The data obtained were analyzed using simple linear regression test, coefficient of determination (R²) test, and t-test to test the significance of the effect. The results showed that the limestone burning industry has an impact on increasing CO₂ concentrations in the surrounding environment. Based on the condition of air quality in the three research villages, it is still above the threshold and one village, namely Trutup Village, is below the threshold concentration of the Air Pollution Standard Index (ISPU) parameter.

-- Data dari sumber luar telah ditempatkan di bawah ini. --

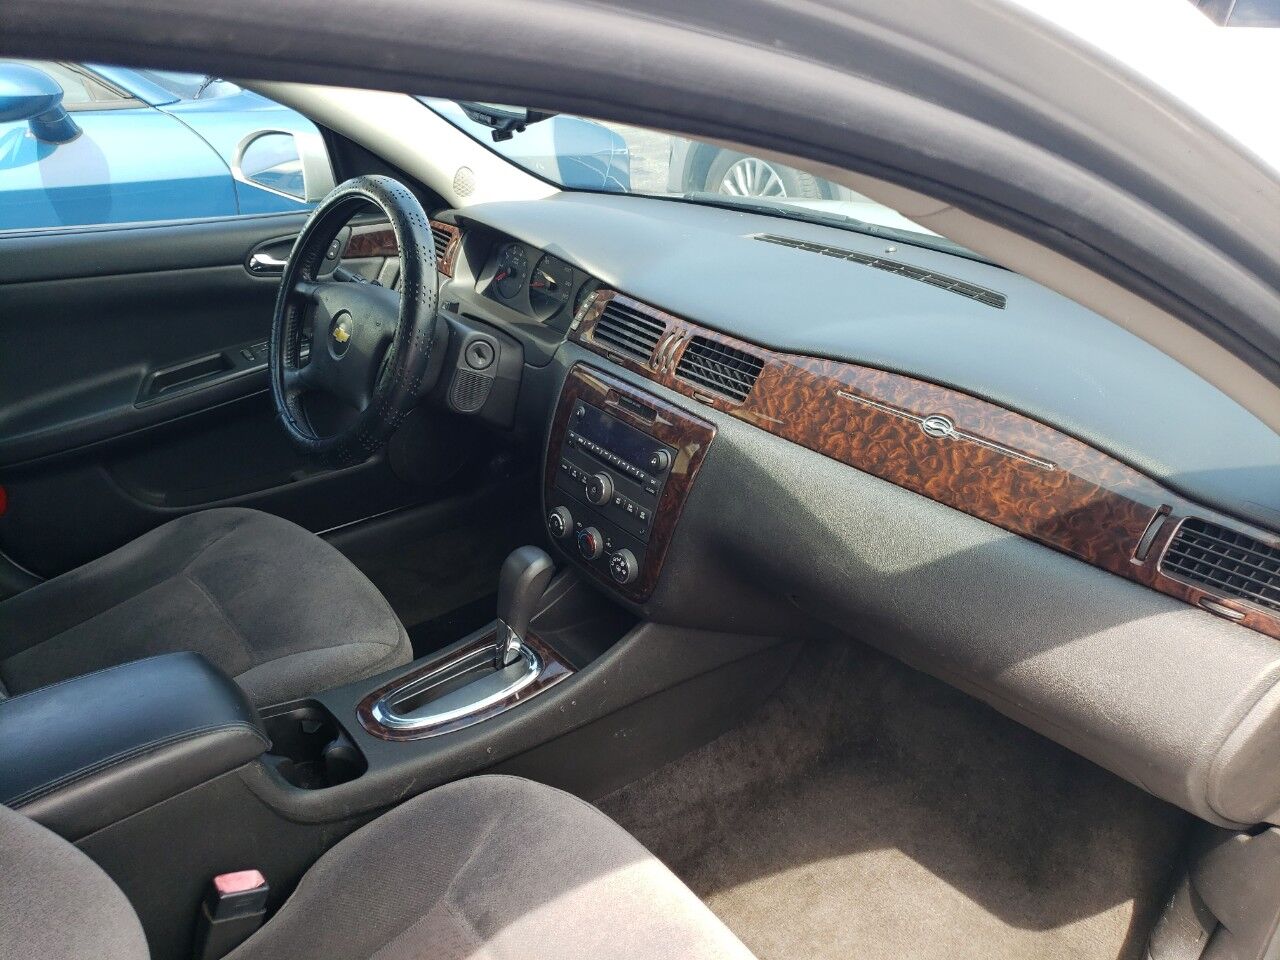 2013 CHEVROLET Impala Sedan - $7,500

In addition, there is a significant influence between the presence of industry on increasing labor income, although most of the income is still below the Tuban Regency Minimum Wage. The coefficient of determination shows that the industry's contribution to labor income is quite high.
This research is that the limestone burning industry has a positive impact in the form of providing employment and increasing labor income by Rp.1,500,000.00-Rp.3,000,000.00, but also has a negative impact on air quality. Therefore, strict environmental monitoring and sustainable management efforts are needed so that economic benefits do not come at the expense of public health and environmental sustainability.
Keywords: limestone industry, air quality, carbon dioxide (CO₂), labor income.